After locating the line with "Rechargeable Battery Pack" below, output it and each following line exactly, stopping after the line with "Alexander Skarsgård wearing". No pictures.

**RECORDS FOR THIS EXERCISE:**
──────────────────────────────

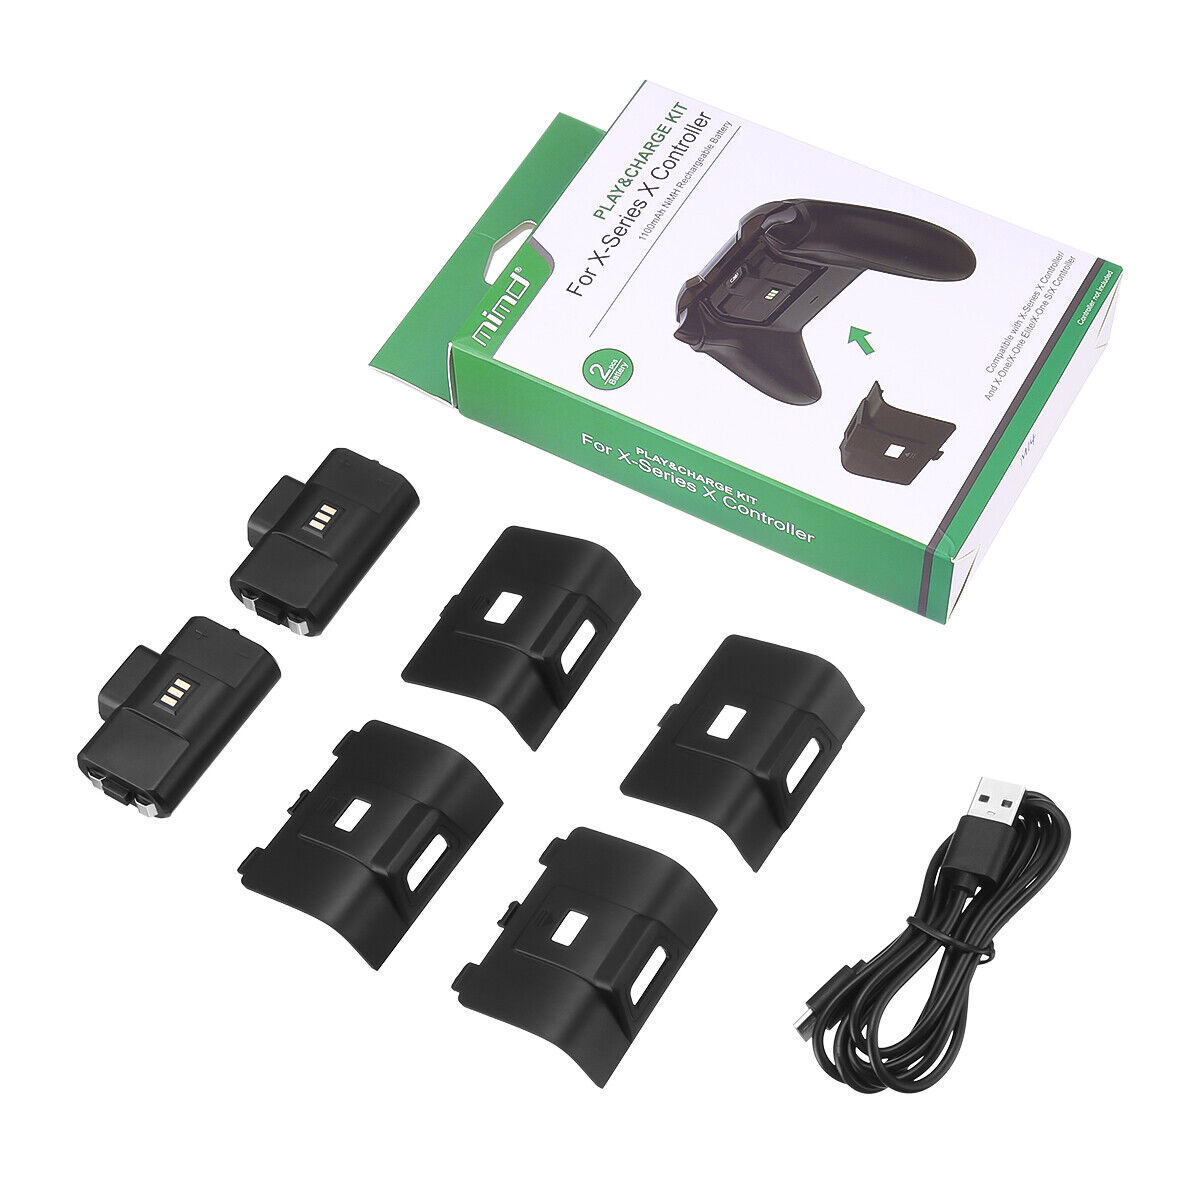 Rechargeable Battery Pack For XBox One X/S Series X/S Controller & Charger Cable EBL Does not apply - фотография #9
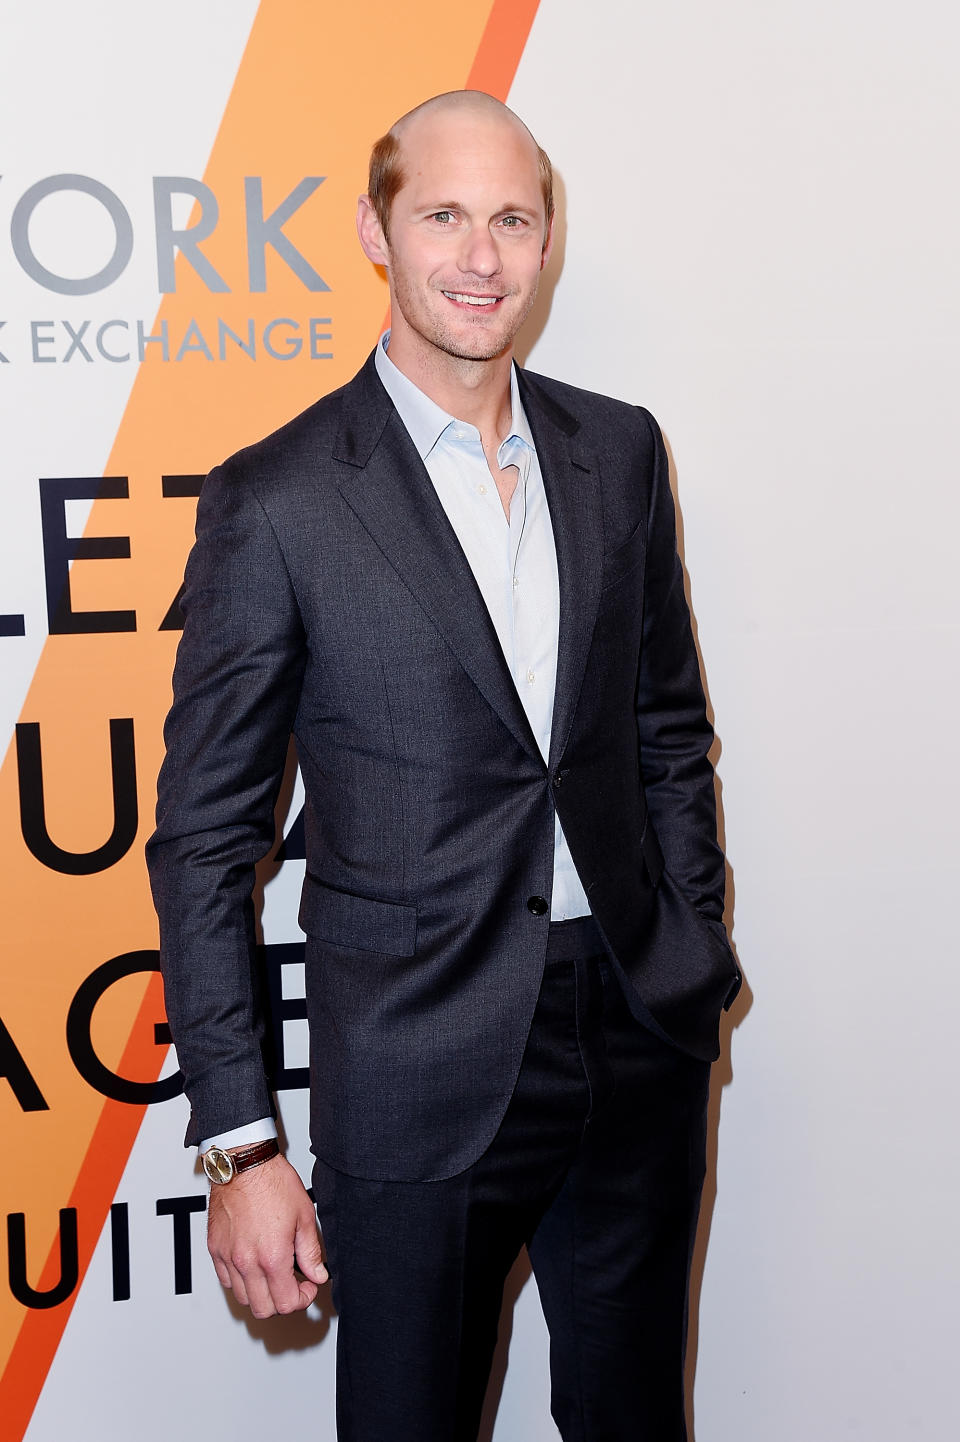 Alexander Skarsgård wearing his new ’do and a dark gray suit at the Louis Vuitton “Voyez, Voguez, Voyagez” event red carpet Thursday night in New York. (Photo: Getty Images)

──────────────────────────────

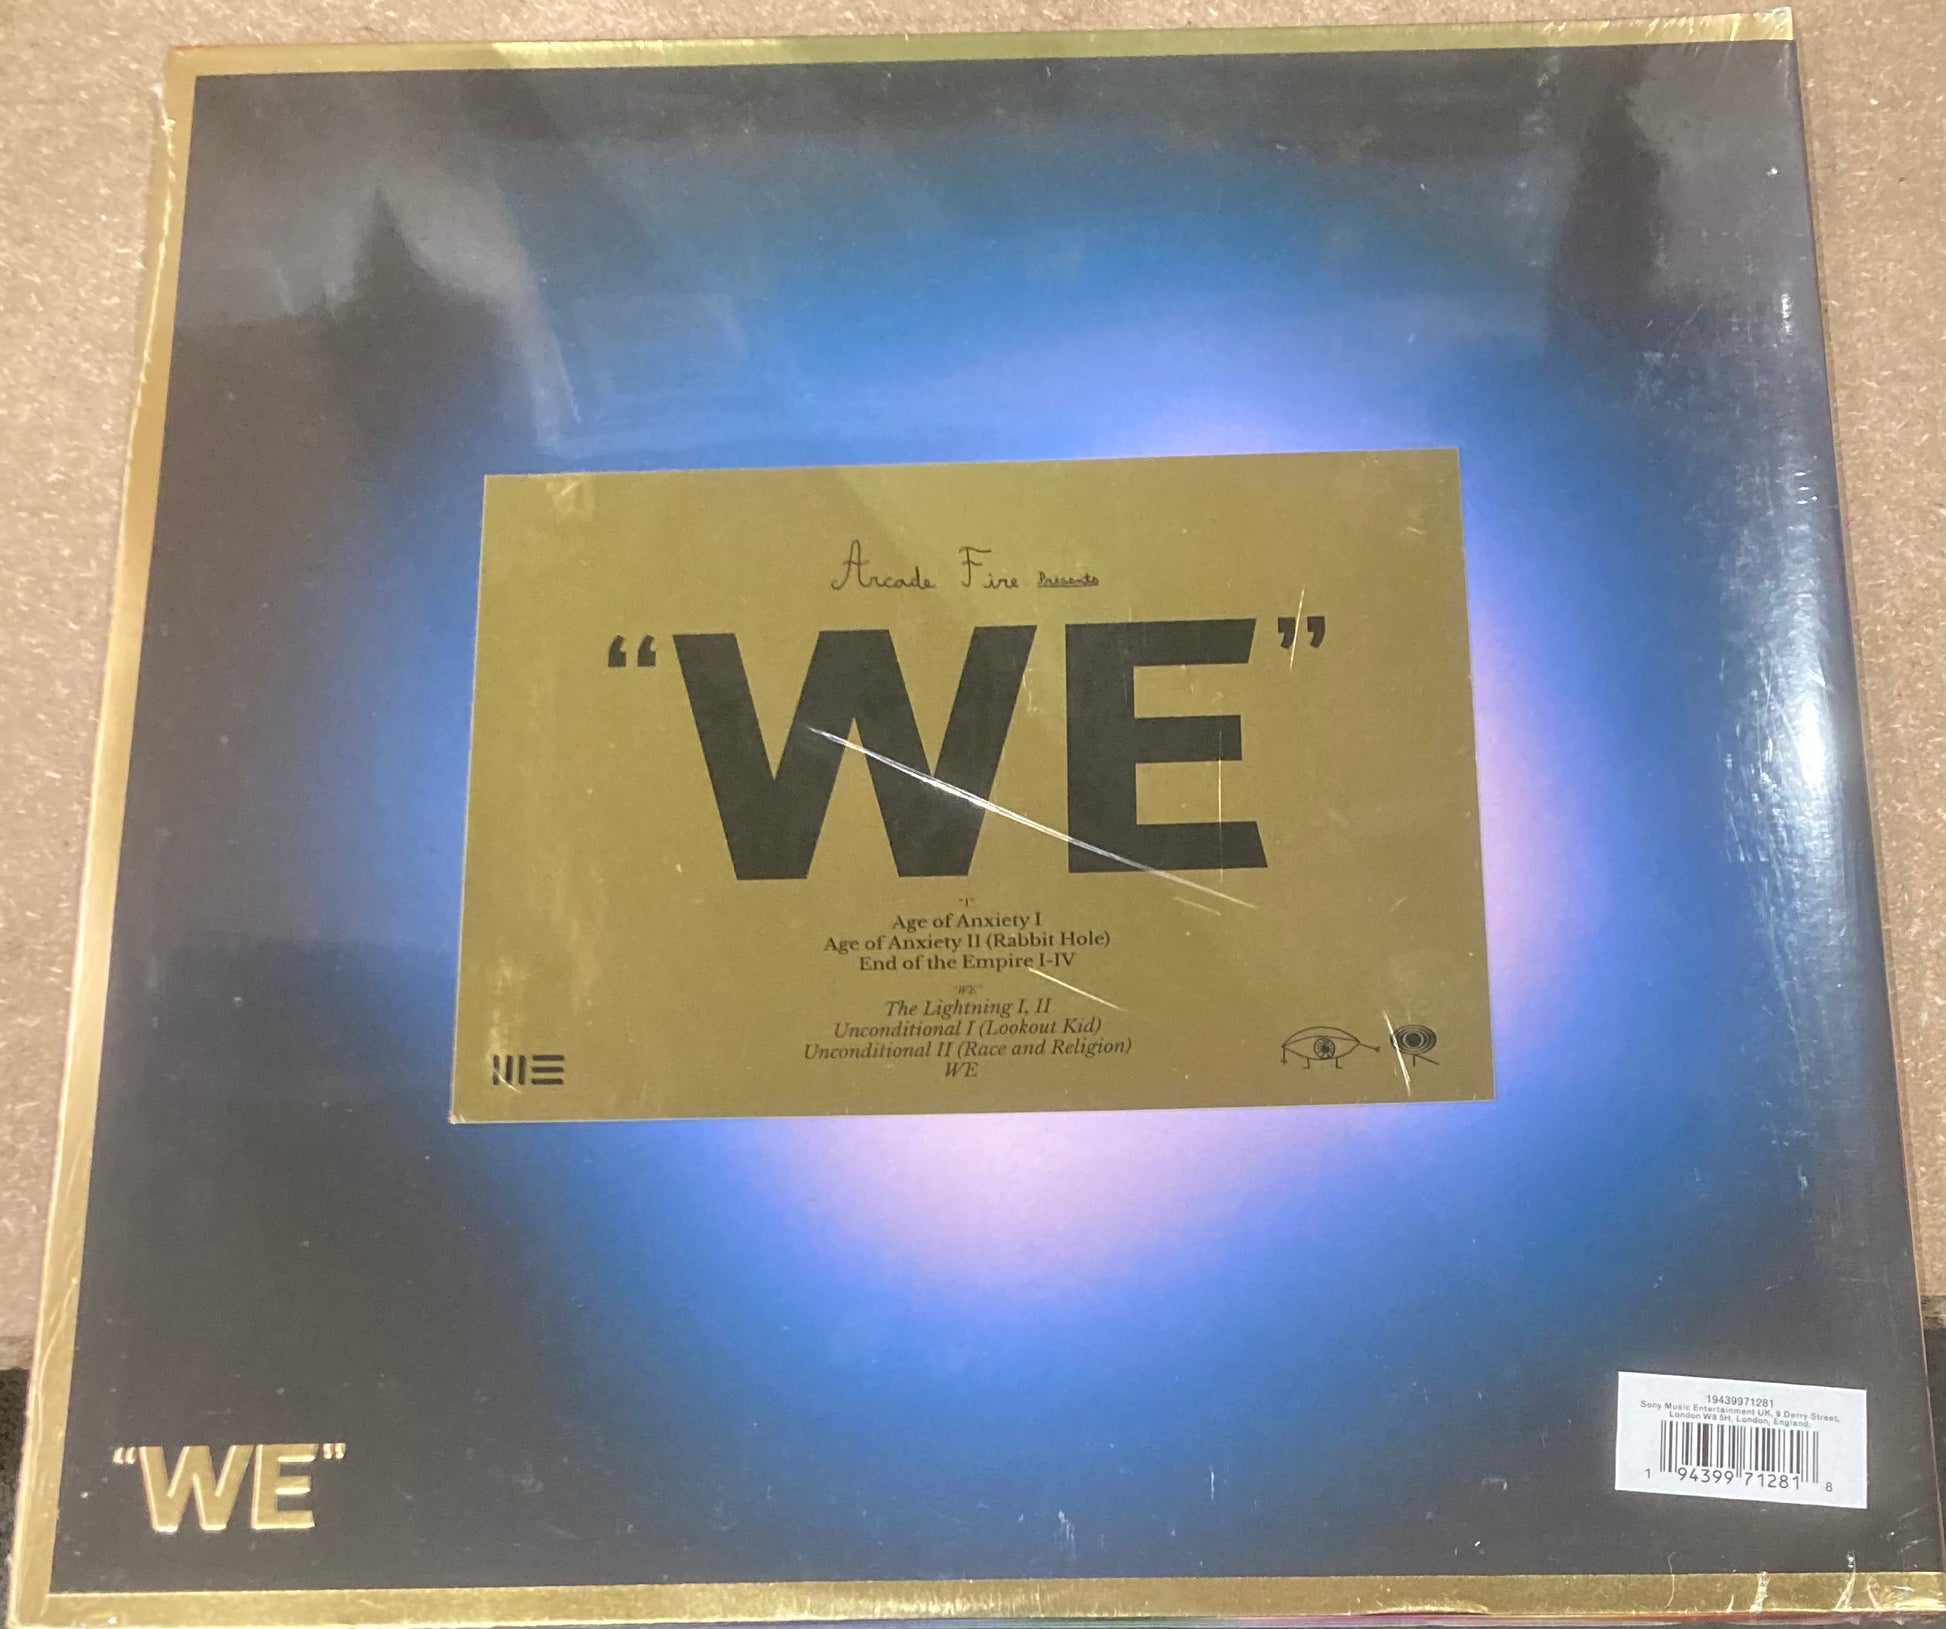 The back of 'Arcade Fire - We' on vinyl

──────────────────────────────

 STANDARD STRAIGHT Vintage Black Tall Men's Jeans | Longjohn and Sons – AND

──────────────────────────────

**TASK OUTPUT:**
 Rechargeable Battery Pack For XBox One X/S Series X/S Controller & Charger Cable EBL Does not apply - фотография #9
 Alexander Skarsgård wearing his new ’do and a dark gray suit at the Louis Vuitton “Voyez, Voguez, Voyagez” event red carpet Thursday night in New York. (Photo: Getty Images)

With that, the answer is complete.